Buffer (u.8740a562e61d5e8848a0ff3f1029643e.fehu.1.0.0~alpha2.doc.fehu.Fehu.Buffer)

Buffer Types

Replay buffers store transitions with complete state information, supporting off-policy algorithms like DQN, SAC, and TD3. They maintain a fixed-capacity circular buffer that overwrites oldest experiences when full.

Rollout buffers store sequential steps with optional value estimates and log probabilities, supporting on-policy algorithms like PPO and A2C. They compute advantages using Generalized Advantage Estimation (GAE) before returning batches.

Usage

Create a replay buffer and add transitions:

  let buffer = Buffer.Replay.create ~capacity:10000 in
  let transition =
    { observation; action; reward; next_observation; terminated; truncated }
  in
  Buffer.Replay.add buffer transition

Sample a batch for training:

  let batch = Buffer.Replay.sample buffer ~rng ~batch_size:32 in
  Array.iter (fun t -> (* train on transition *)) batch

Use rollout buffers for on-policy data:

  let buffer = Buffer.Rollout.create ~capacity:2048 in
  Buffer.Rollout.add buffer
    { observation; action; reward; terminated; truncated; value; log_prob };
  Buffer.Rollout.compute_advantages buffer ~last_value ~last_done ~gamma:0.99 ~gae_lambda:0.95;
  let steps, advantages, returns = Buffer.Rollout.get buffer

Sourcetype ('obs, 'act) transition = {

observation : 'obs;
(*
Current state observation
*)
action : 'act;
(*
Action taken in current state
*)
reward : float;
(*
Immediate reward received
*)
next_observation : 'obs;
(*
Resulting next state observation
*)
terminated : bool;
(*
Whether episode ended naturally
*)
truncated : bool;
(*
Whether episode was artificially truncated
*)

}

Basic transition for off-policy algorithms.

Represents a complete state transition containing both the current and next observations.
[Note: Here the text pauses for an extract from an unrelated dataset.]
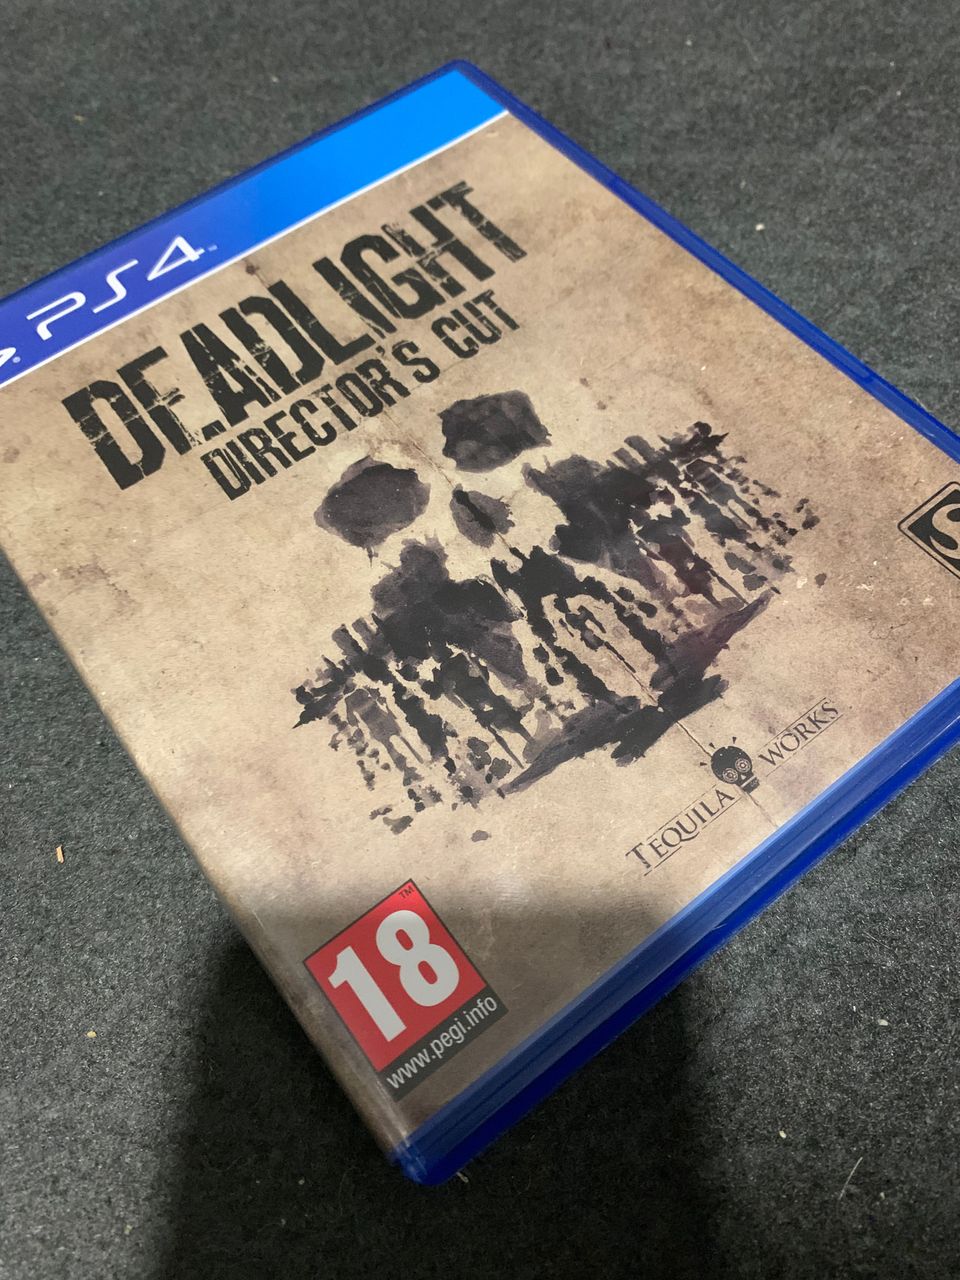 PS4 Deadlight Director’s Cut

Used by replay buffers for algorithms that learn from arbitrary past experiences.

Sourcetype ('obs, 'act) step = {

observation : 'obs;
(*
State observation at this step
*)
action : 'act;
(*
Action taken at this step
*)
reward : float;
(*
Immediate reward received
*)
terminated : bool;
(*
Whether episode ended at this step
*)
truncated : bool;
(*
Whether the episode was truncated at this step
*)
value : float option;
(*
Value estimate V(s) from critic, if available
*)
log_prob : float option;
(*
Log probability log π(a|s) from policy, if available
*)

}

Rollout step for on-policy algorithms.

Represents a single timestep with optional policy information. Unlike transitions, steps do not store next observations since on-policy data is processed sequentially. Value estimates and log probabilities support policy gradient methods.

Replay Buffer (Off-Policy: DQN, SAC, TD3)

Sourcemodule Replay : sig ... end

Replay buffer for off-policy algorithms.

Rollout Buffer (On-Policy: PPO, A2C)

Sourcemodule Rollout : sig ... end

Rollout buffer for on-policy algorithms.